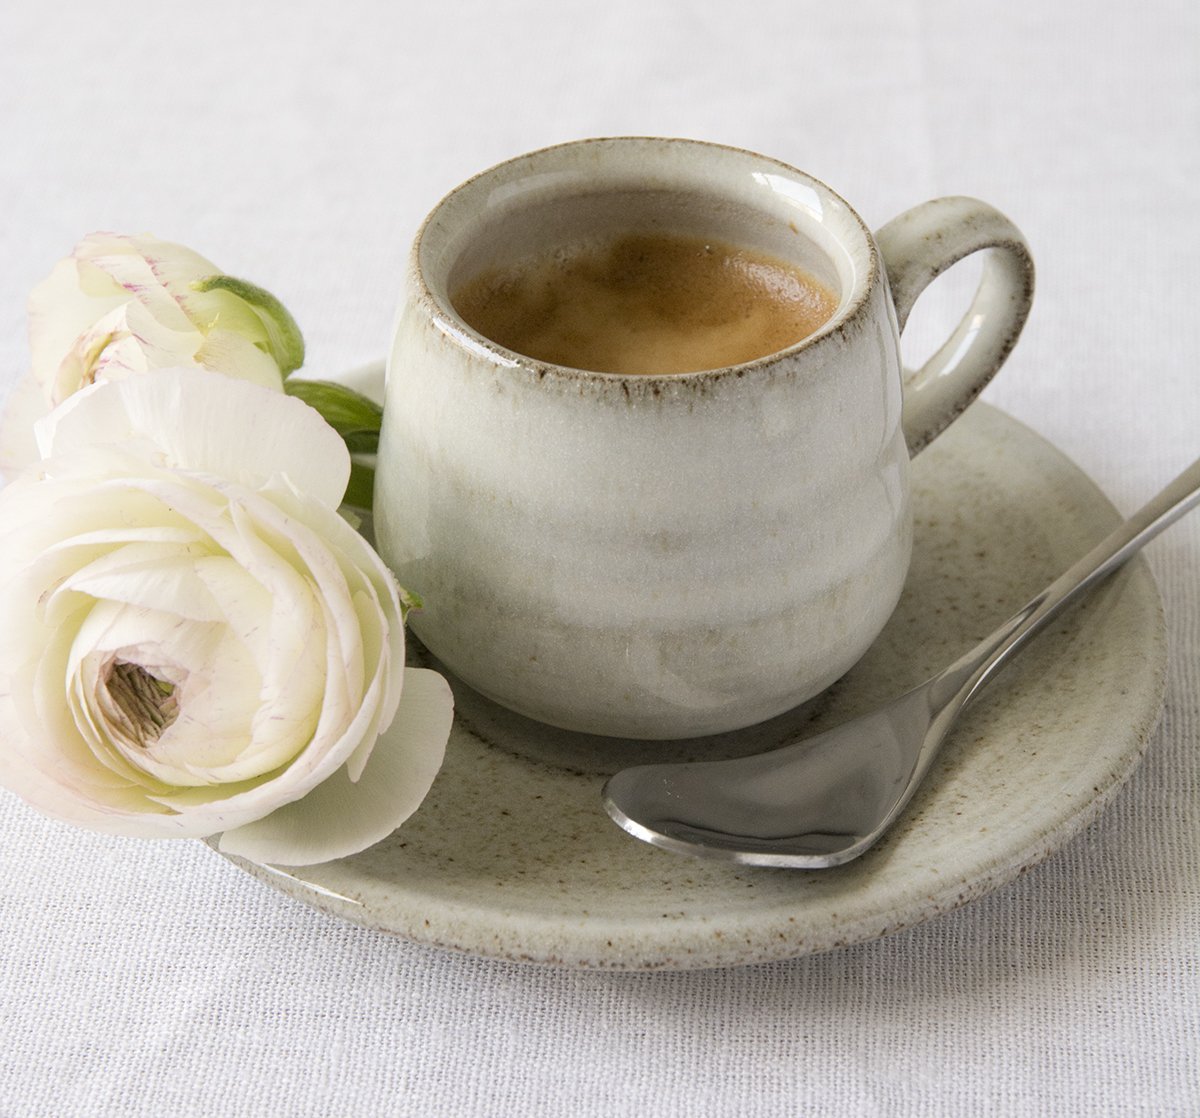 White Pottery Espresso Cup With Saucer - Mad About Pottery - cup
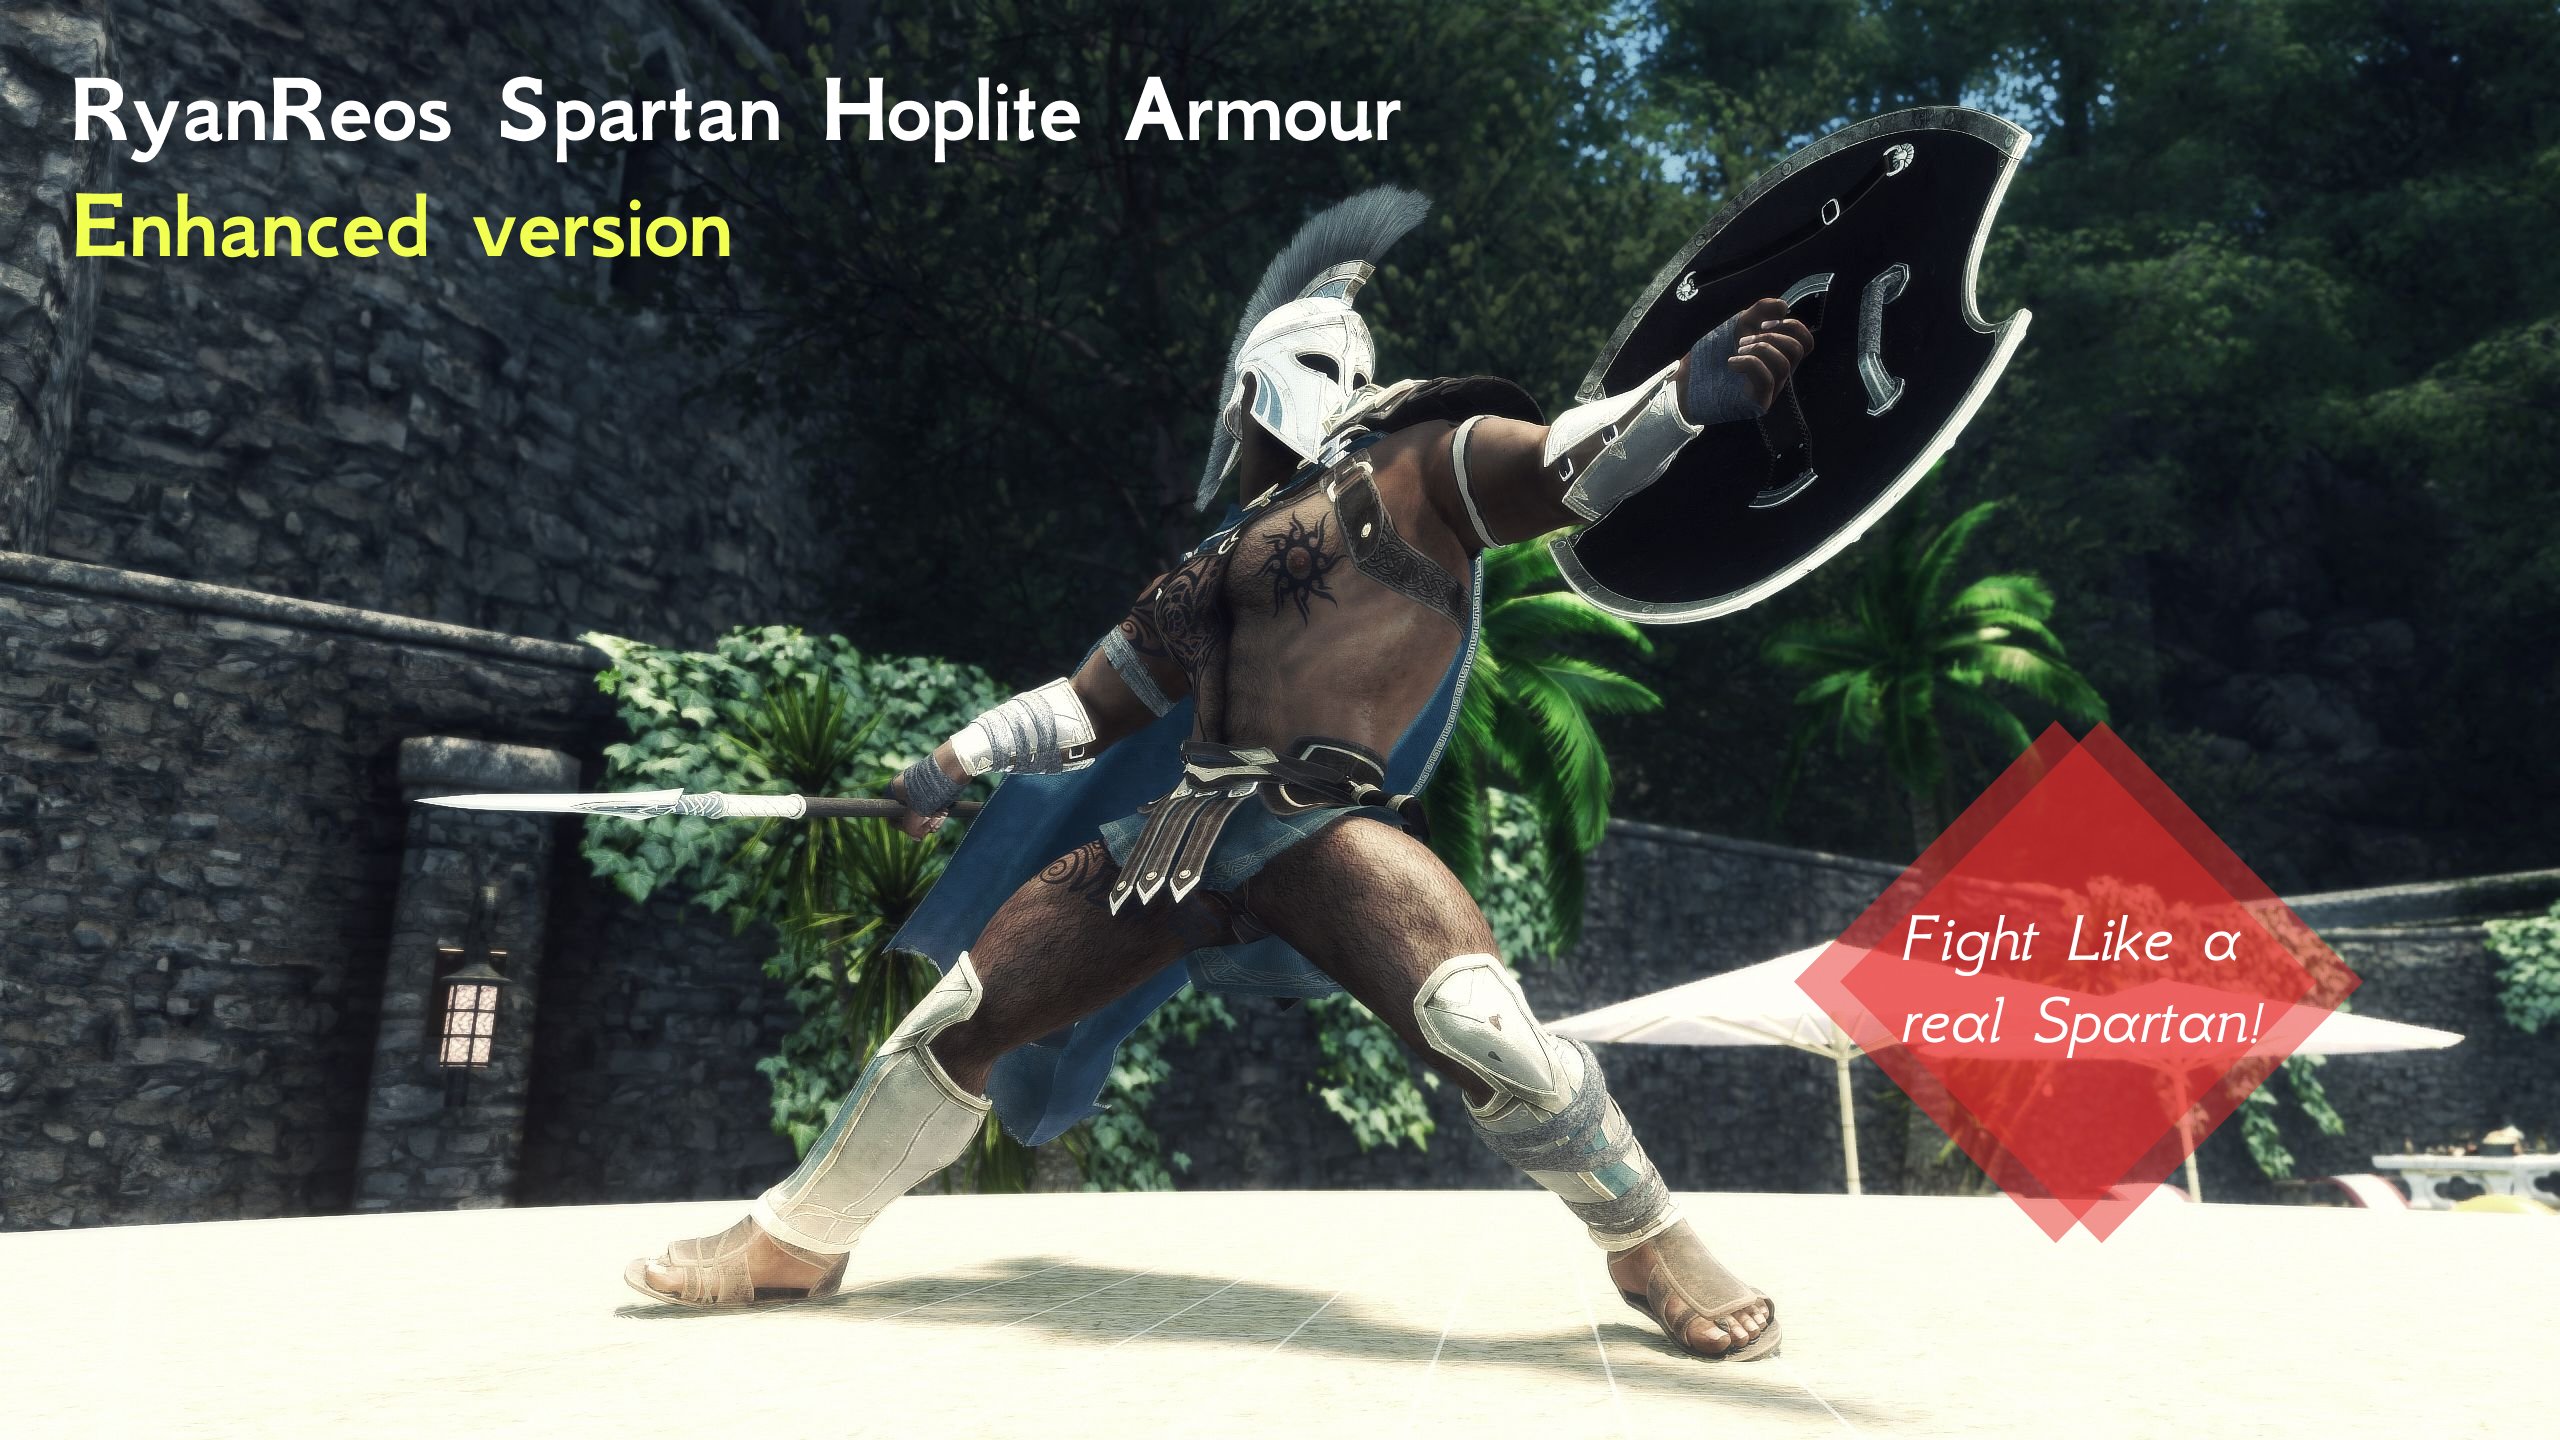 RyanReos Spartan Hoplite Outfit for SAM light with HDT-SMP: Enhanced Edition
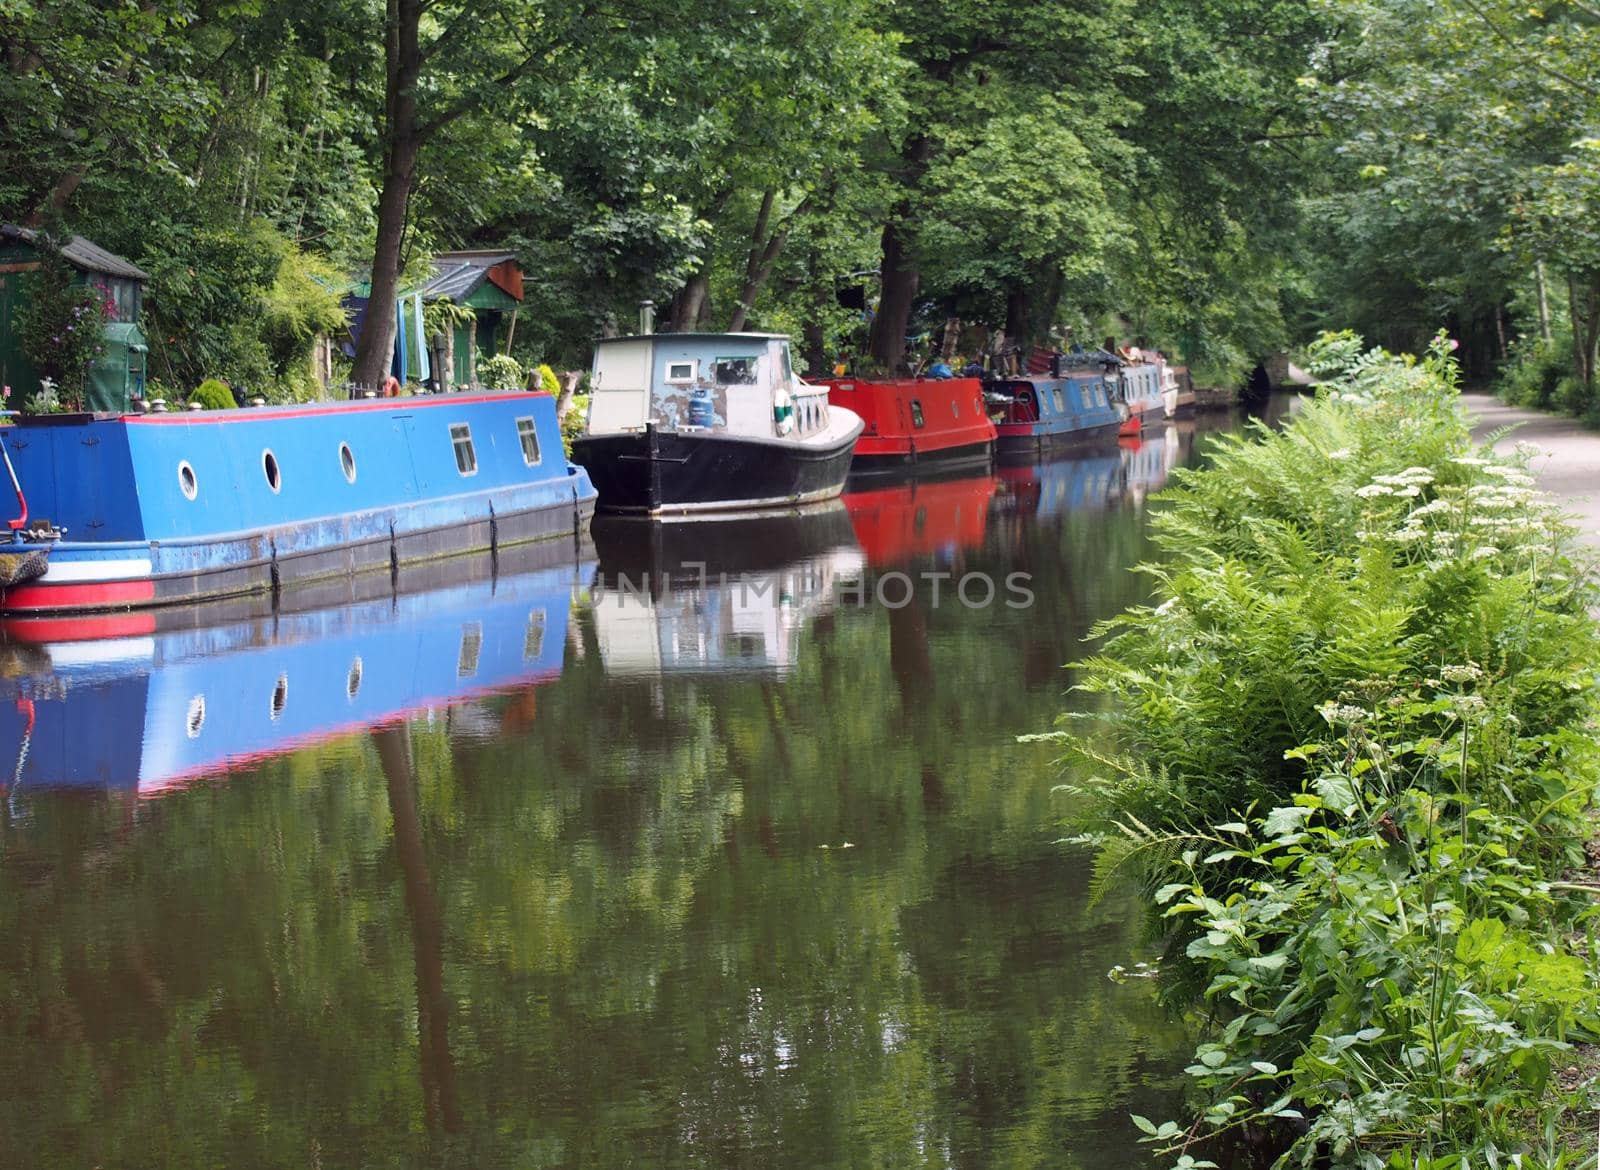 narrow boats and barges moored on the rochdale canal in hebden bridge surrounded by green summer trees by philopenshaw
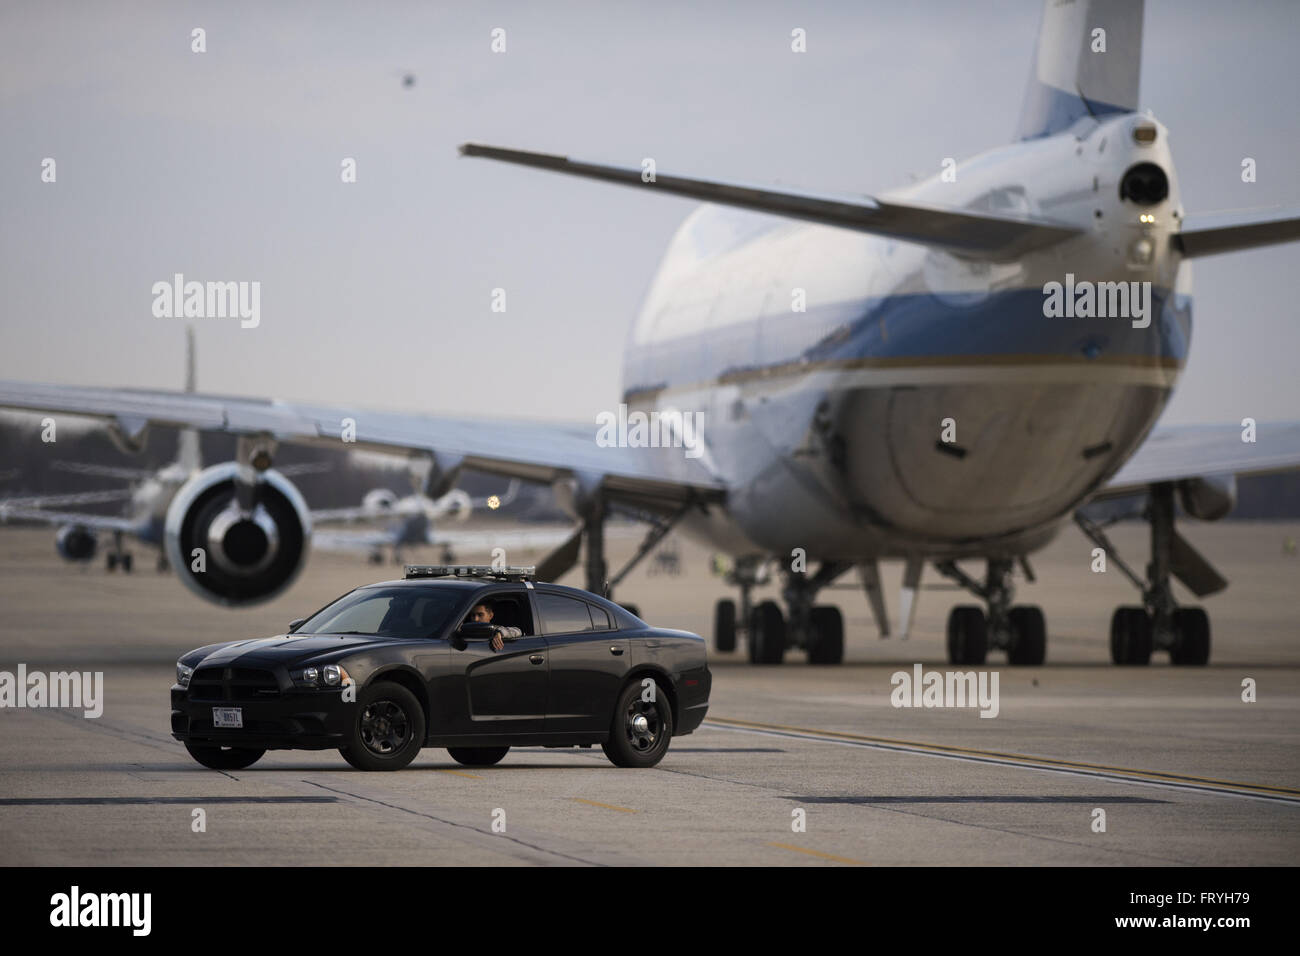 Joint Base Andrews, Maryland, USA. 25th Mar, 2016. A military police officer sits in his car on the tarmac after Air Force One arrived, with United States President Barack Obama aboard, at Joint Base Andrews, Maryland, USA, 25 March 2016. President Obama returned on the over night flight from his trip to Cuba and Argentina.Credit: Shawn Thew/Pool via CNP Credit:  Shawn Thew/CNP/ZUMA Wire/Alamy Live News Stock Photo

- _Aim of the exercise_: Without the pictures, transcribe the listing above exactly.

- _Written solution_:
 White Pottery Espresso Cup With Saucer - Mad About Pottery - cup
 RyanReos Spartan Hoplite Outfit for SAM light with HDT-SMP: Enhanced Edition
 narrow boats and barges moored on the rochdale canal in hebden bridge surrounded by green summer trees by philopenshaw
 Joint Base Andrews, Maryland, USA. 25th Mar, 2016. A military police officer sits in his car on the tarmac after Air Force One arrived, with United States President Barack Obama aboard, at Joint Base Andrews, Maryland, USA, 25 March 2016. President Obama returned on the over night flight from his trip to Cuba and Argentina.Credit: Shawn Thew/Pool via CNP Credit:  Shawn Thew/CNP/ZUMA Wire/Alamy Live News Stock Photo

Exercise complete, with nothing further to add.